Collaborative Manuscript Transcription: May 2009

Sunday, May 17, 2009

Review: USGS North American Bird Phenology Program

Who knew you could track climate change through crowdsourced transcription? The smart folks at the U. S. Geological Survey, that's who!

The USGS North American Bird Phenology program encouraged volunteers to submit bird sightings across North America from the 1880s through the 1970s. These cards are now being transcribed into a database for analysis of migratory pattern changes and what they imply about climate change.

There's a really nice DesertUSA NewsBlog article that covers the background of the project:

The cards record more than a century of information about bird migration, a veritable treasure trove for climate-change researchers because they will help them unravel the effects of climate change on bird behavior, said Jessica Zelt, coordinator of the North American Bird Phenology Program at the USGS Patuxent Wildlife Research Center.
That is — once the cards are transcribed and put into a scientific database.

And that’s where citizens across the country come in - the program needs help from birders and others across the nation to transcribe those cards into usable scientific information.

CNN also interviewed a few of the volunteers:

Bird enthusiast and star volunteer Stella Walsh, a 62-year-old retiree, pecks away at her keyboard for about four hours each day. She has already transcribed more than 2,000 entries from her apartment in Yarmouth, Maine.
"It's a lot more fun fondling feathers, but, the whole point is to learn about the data and be able to do something with it that is going to have an impact," Walsh said.

Let's talk about the software behind this effort.

The NABPP is fortunate to have a limited problem domain. A great deal of standardization was imposed on the manuscript sources themselves by the original organizers, so that for example, each card describes only a single species and location. In addition, the questions the modern researchers are asking of the corpus also limits the problem domain: nobody's going to be doing analysis of spelling variations between the cards. It's important to point out that this narrow scope exists in spite of wide variation in format between the index cards. Some are handwritten on pre-printed cards, some are type-written on blank cards, and some are entirely freeform. Nevertheless, they all describe species sightings in a regular format.

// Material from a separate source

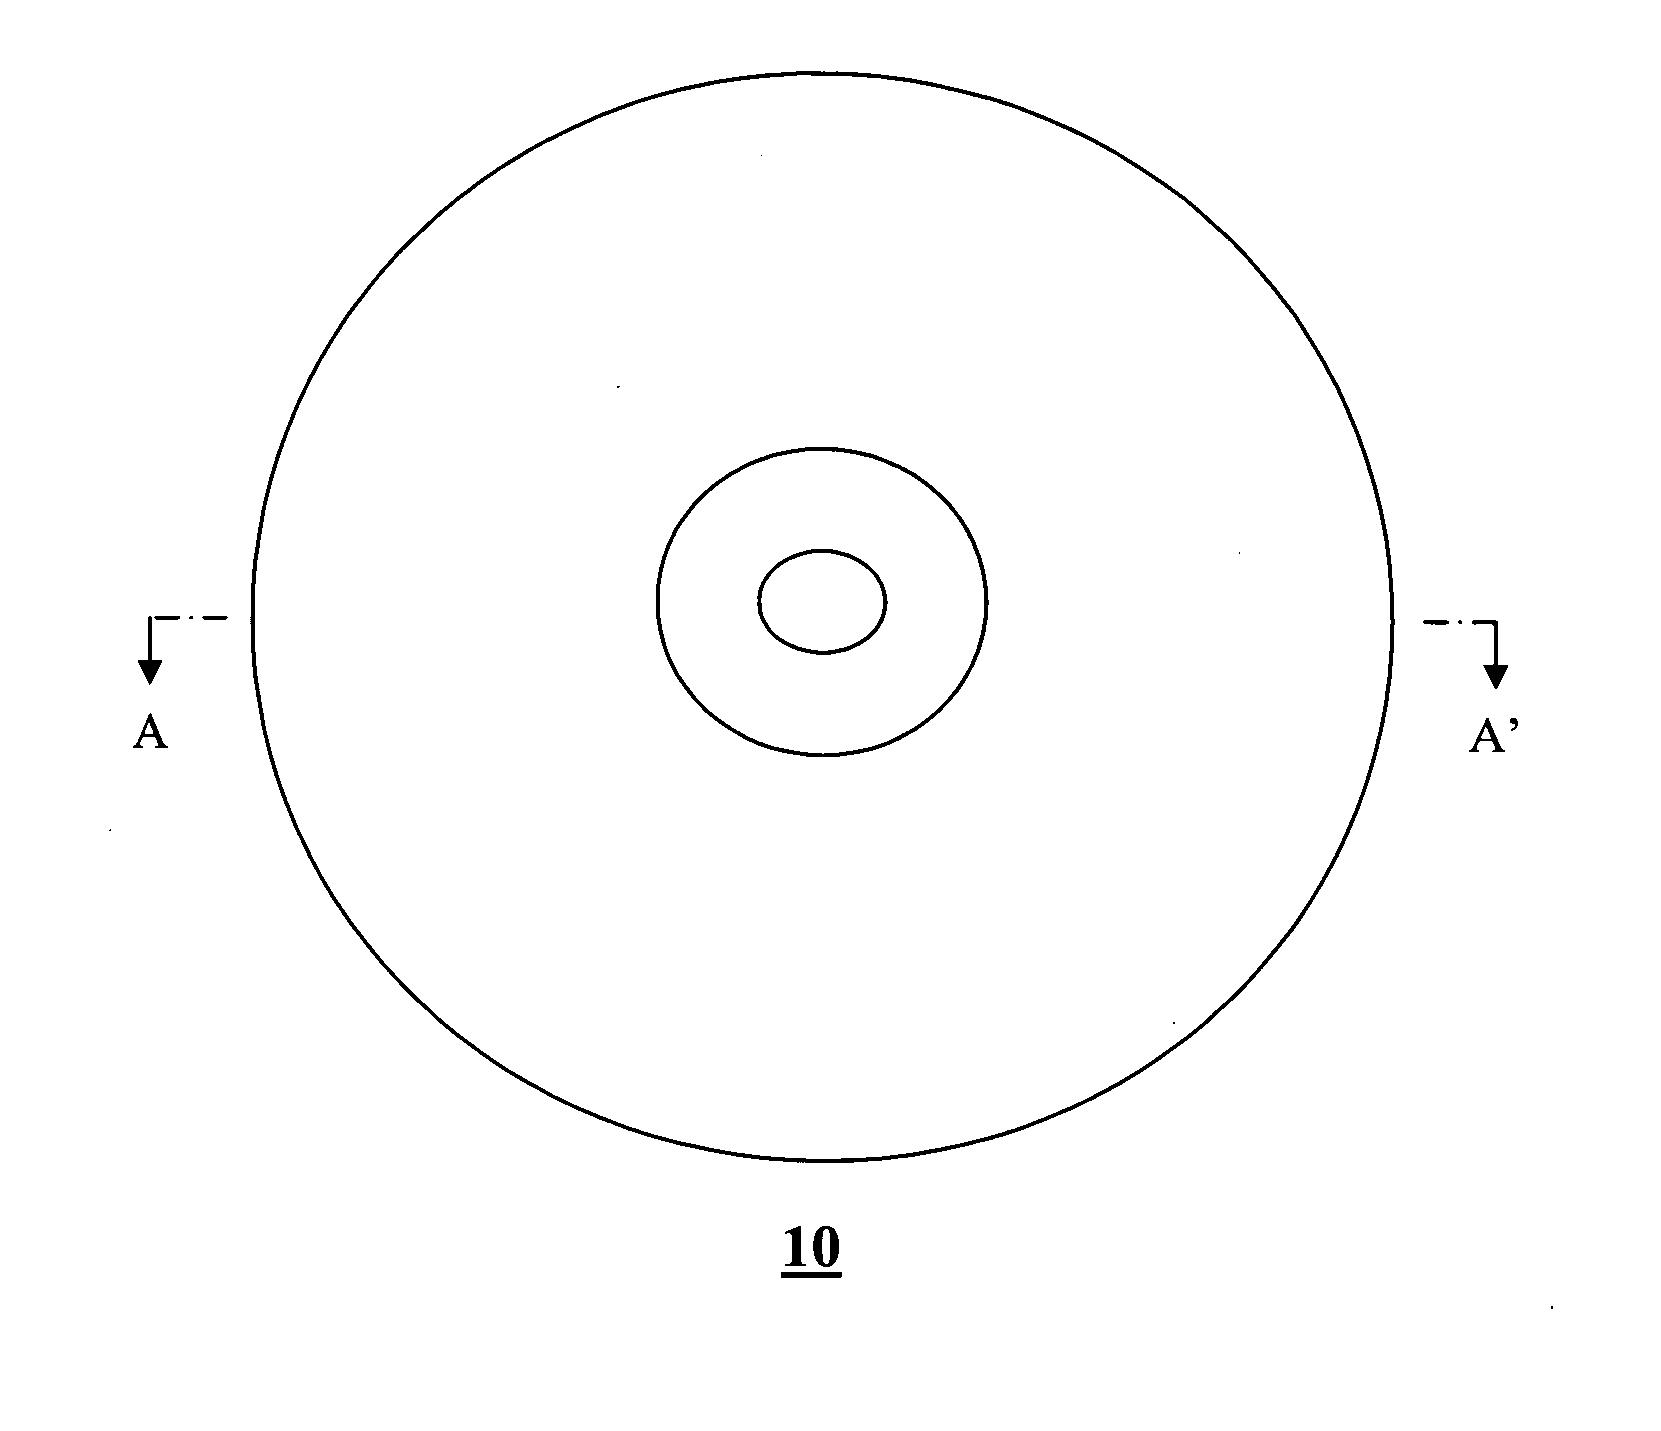 Bonded pre-recorded and pre-grooved optical disc

Because of this limited scope, the developers were (probably) able to build a traditional database and data-entry form, with specialized attributes for species, location, date, or other common fields that could be generalized from the corpus and the needs of the project. That meant custom-building an application specifically for the NABPP, which seems like a lot of work, but it does not require building the kind of Swiss Army Knife that medieval manuscript transcription requires. This presents an interesting parallel with other semi-standardized, hand-written historical documents like military muster rolls or pension applications.

One of the really neat possibilities of subject-specific transcription software is that you can combine training users on the software with training them on difficult handwriting, or variations in the text. NABPP has put together a screencast for this, which walks users through transcribing a few cards from different periods, written in different formats. This screencast explains how to use the software, but it also explains more traditional editorial issues like what the transcription conventions are, or how to process different formats of manuscript material.

This is only one of the innovative ways the NABPP deals with its volunteers. I received a newsletter by email shortly after volunteering, announcing their progress to date (70K cards transcribed) and some changes in the most recent version of the software. This included some potentially-embarrassing details that a less confident organization might not have mentioned, but which really do a lot. Users may get used to workarounds to annoying bugs, but in my experience they still remember them and are thrilled when those bugs are finally fixed. So when the newsletter announces that "The Backspace key no longer causes the previous page to be loaded", I know that they're making some of their volunteers very happy.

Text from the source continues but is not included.